== RAW DATA ==
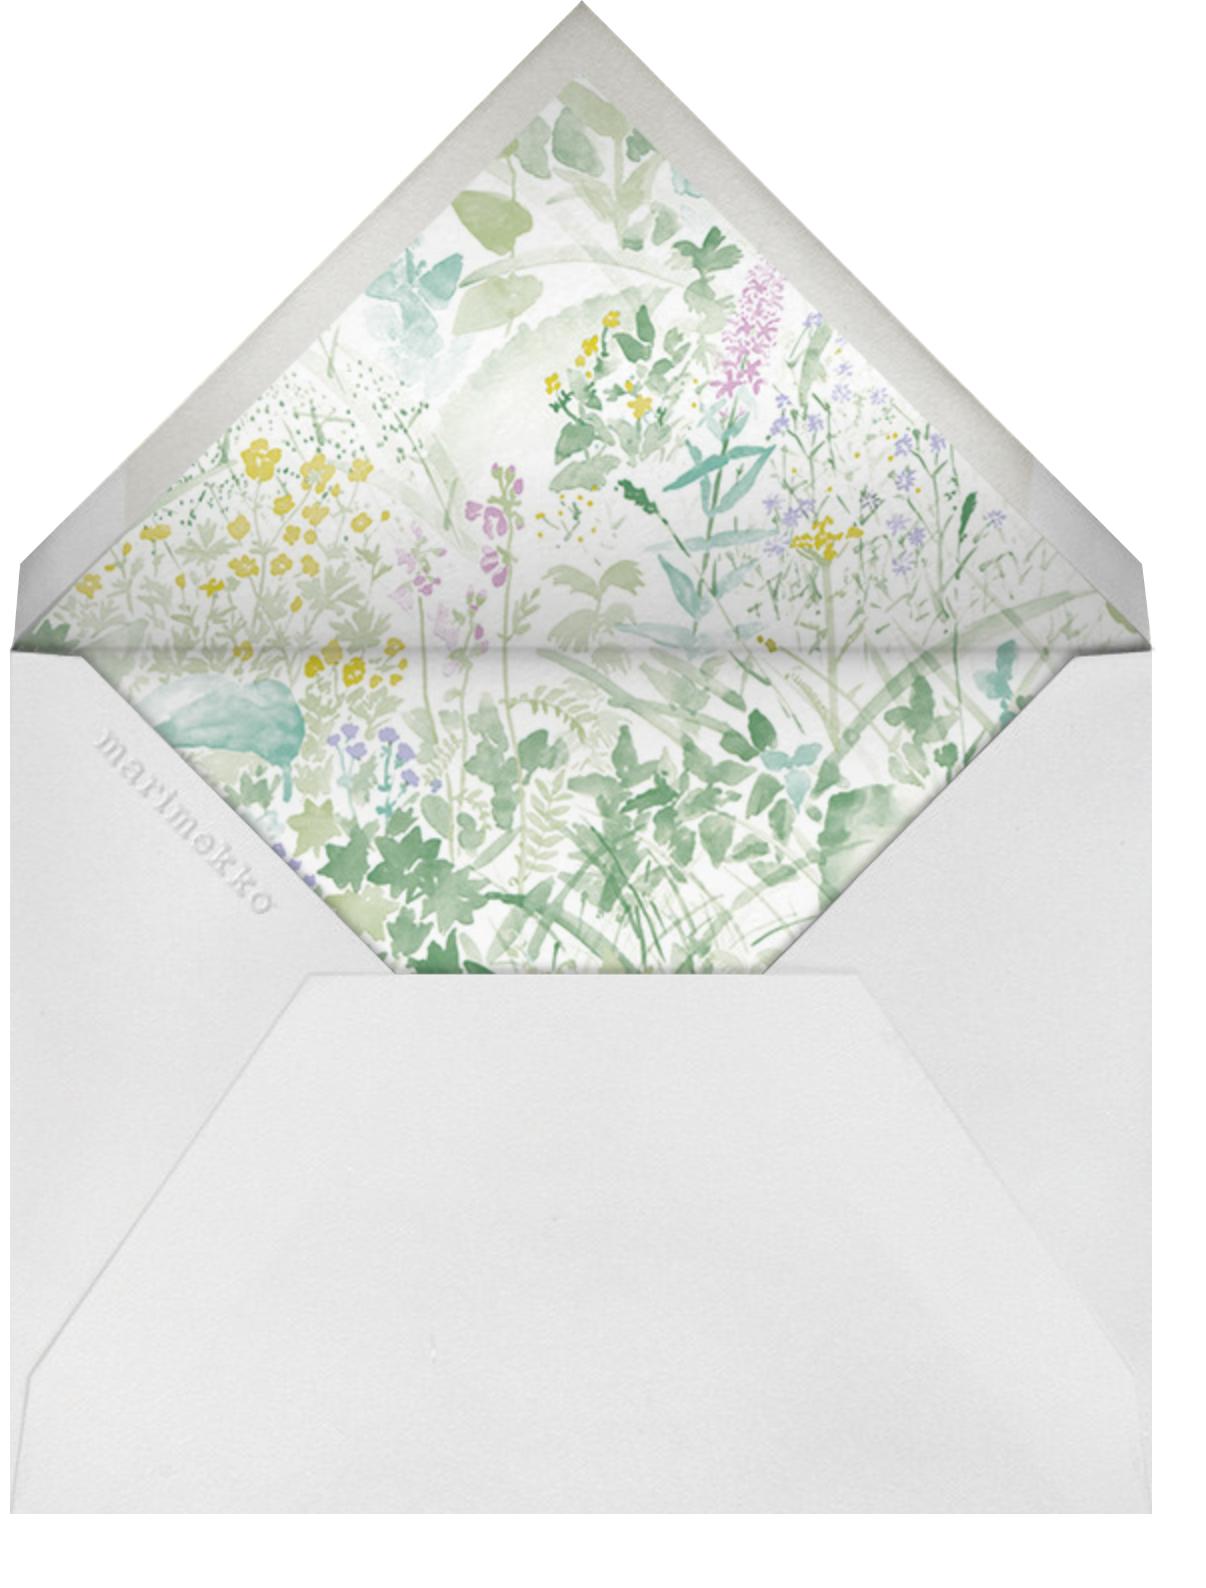 Kesanto (Tall) - Marimekko - Easter - envelope back
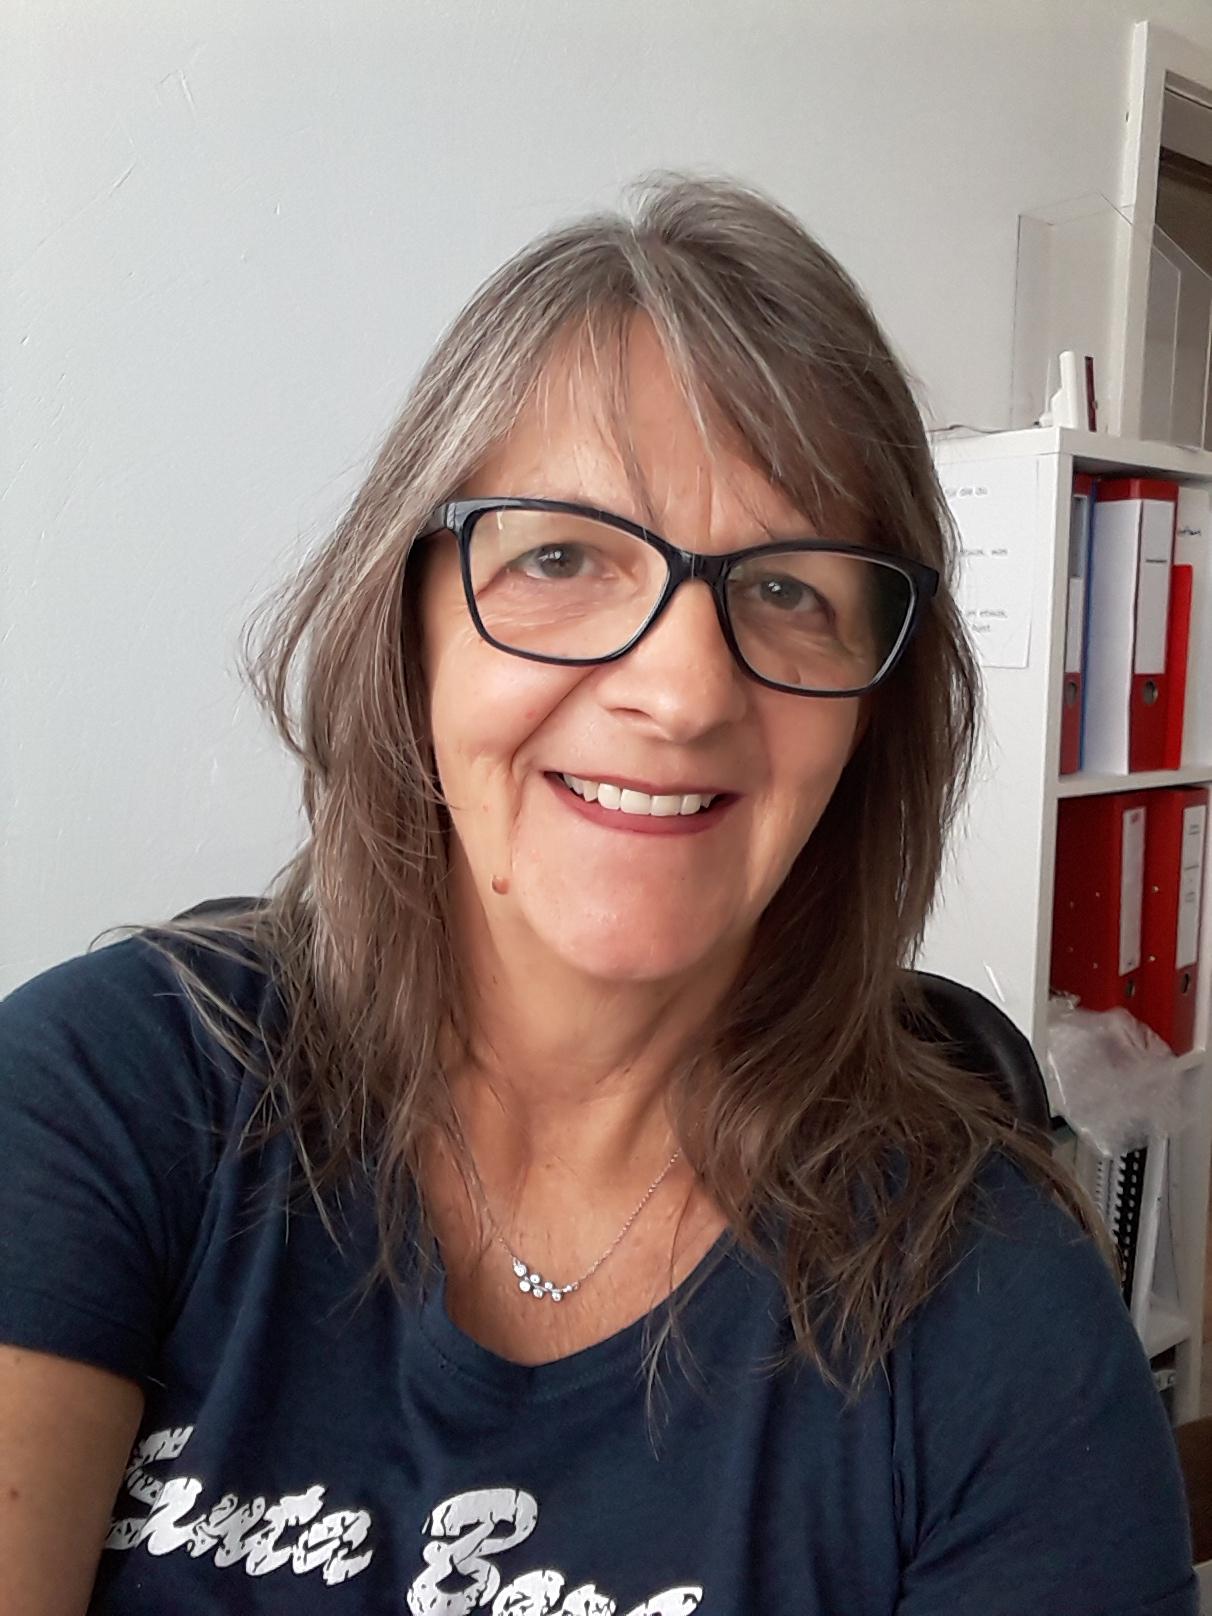 Barbara Rheinbold
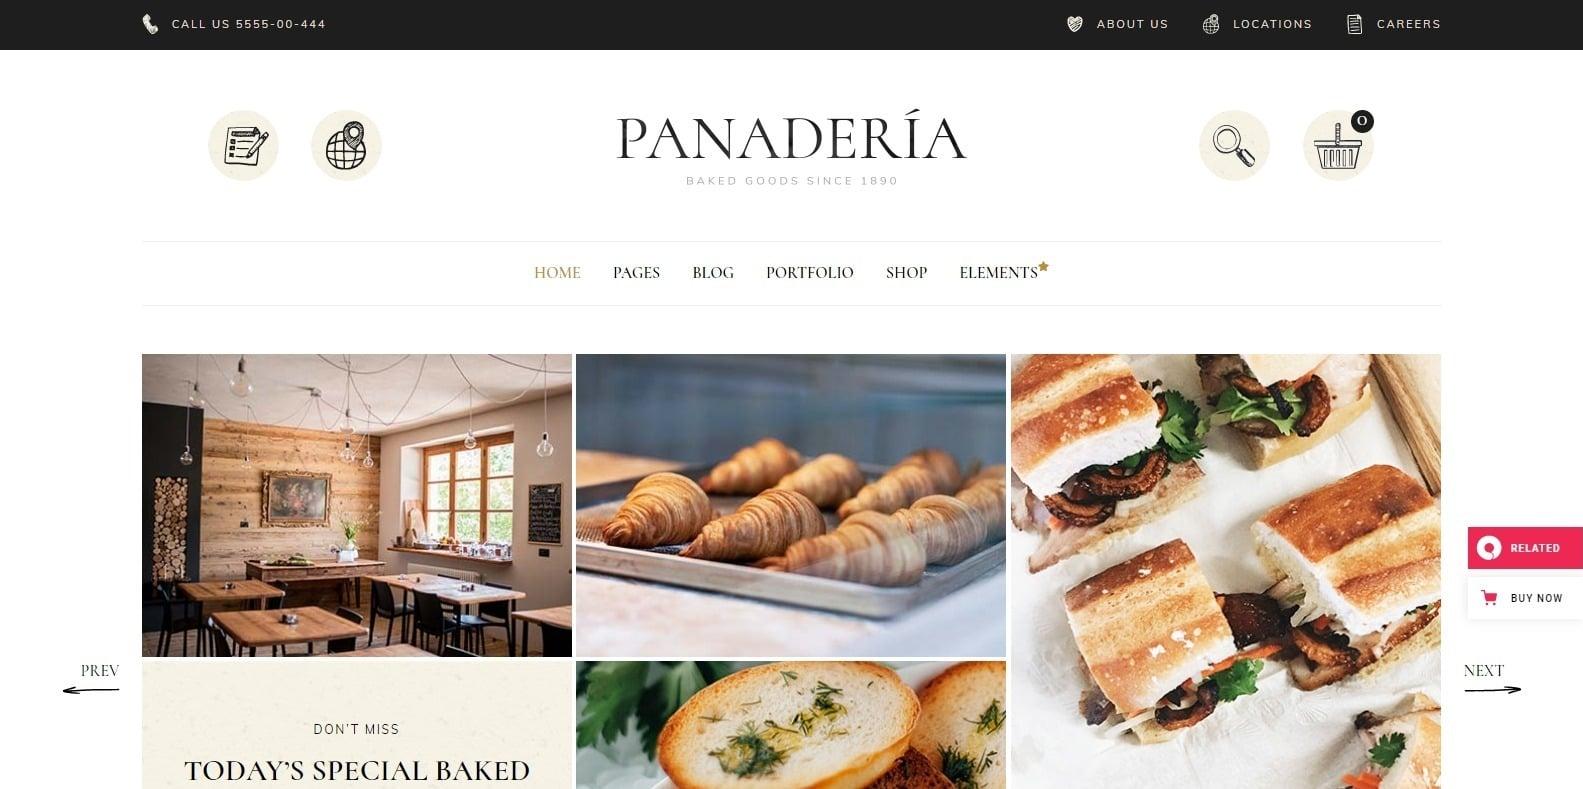 panaderia-coffee-shop-website-template

== WHAT YOU NEED TO DO ==
Repeat the listing above exactly, omitting the pictures it contains.

== EXERCISE SOLUTION ==
 Kesanto (Tall) - Marimekko - Easter - envelope back
 Barbara Rheinbold
 panaderia-coffee-shop-website-template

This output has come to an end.